The last few times I used my AR it would occasionally “double”. I thought maybe it was just dirty and cleaned it. It didn’t do it for a while then it did it again. I cleaned it then when I hadthe private party last month it did it when it only had a few rounds after being cleaned. I set the gun aside and used a different one.
About three weeks ago I removed the trigger group and was going to replace the springs. That surely was the problem, right?
I was dismayed at the state of the important surfaces.If you are not a shooter, you may not recognize the term "double." This means that you pull the trigger, and you get two shots fired, not one. This might sound really cool--sort of a burst action rifle--but it is a serious problem, both because you are likely not expecting it, and because the BATFE has, on some occasions, prosecuted people with a rifle that would occasionally double for possessing a full auto weapon. This is a very serious crime. You do not want this to happen.
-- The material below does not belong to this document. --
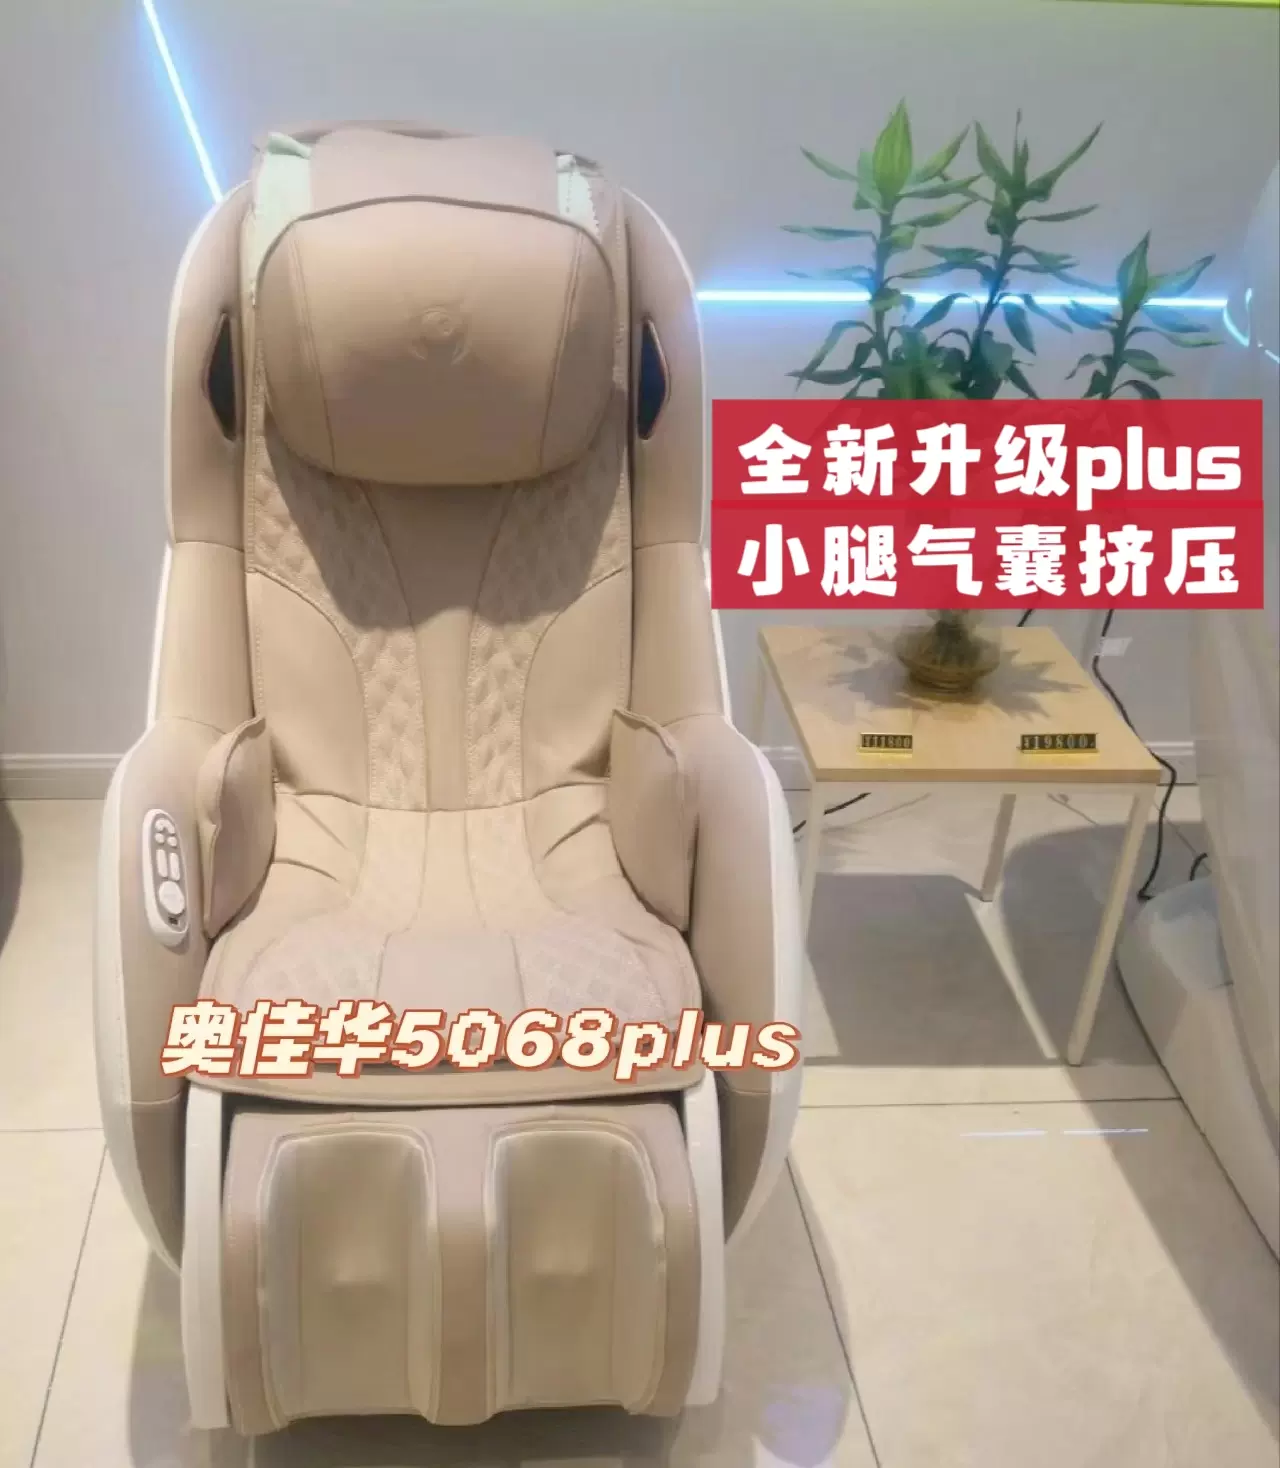 奧佳華5068plus按摩椅OG5068按摩沙發J20小型OGAWA多功能沙發專櫃-Taobao
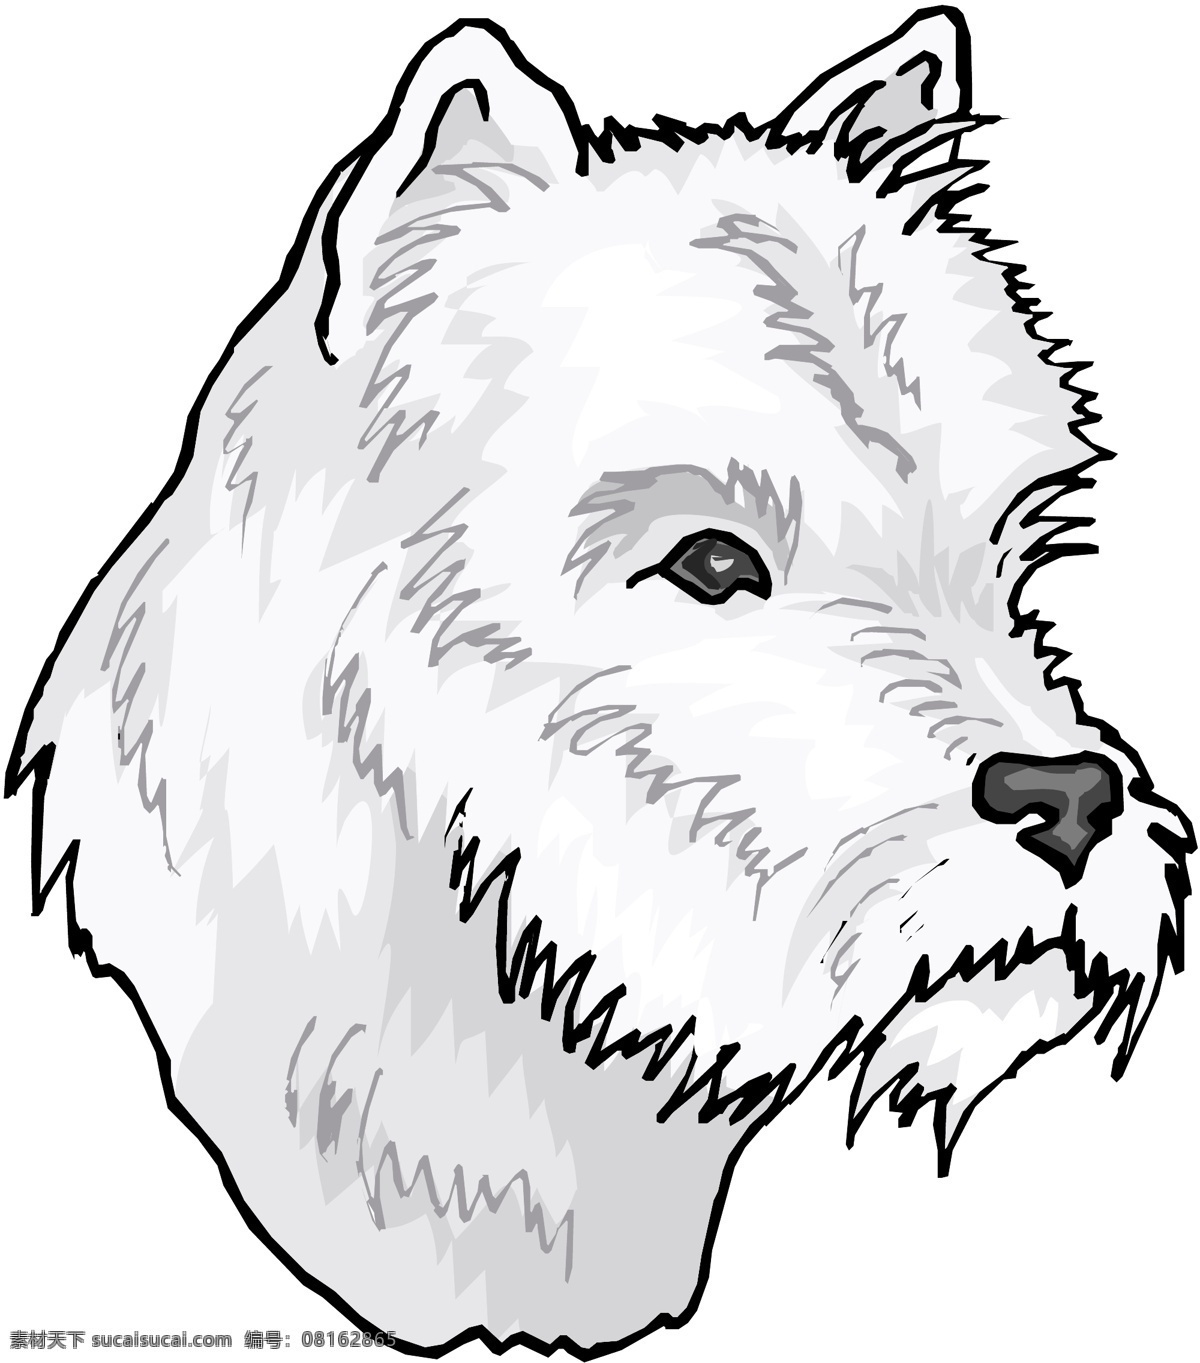 宠物狗 矢量素材 格式 eps格式 设计素材 宠物世界 矢量动物 矢量图库 白色

In this case, the problem was a worn surface on the hammer and trigger, probably caused by bad heat treating of the steel.
One of the comments on The View From North Central Idaho describes a test that people who spend a lot of time shooting AR-15s should perform every 90 days:
every few hundred rounds perform this function check.
Place selector on SEMI
With Trigger pulled to rear, pull Charging Handle and release.
SLOWLY (as in 1/4 the speed of normal) release Trigger.
Hammer should not fall, should release from disconnector and should ‘catch’ on trigger.
You should hear a ‘click’ but this is the sound of the Hammer being caught by the trigger.
Pull Charging Handle to rear and keep it pulled to rear
Pull Trigger to rear and while keeping trigger pulled to rear, release Charging Handle.
Repeat the SLOW Trigger release.
Repeat this three more times.
The Hammer must hold without falling for five times in a row while the Trigger is being slowly released.This is essentially the M16 function test the government performs.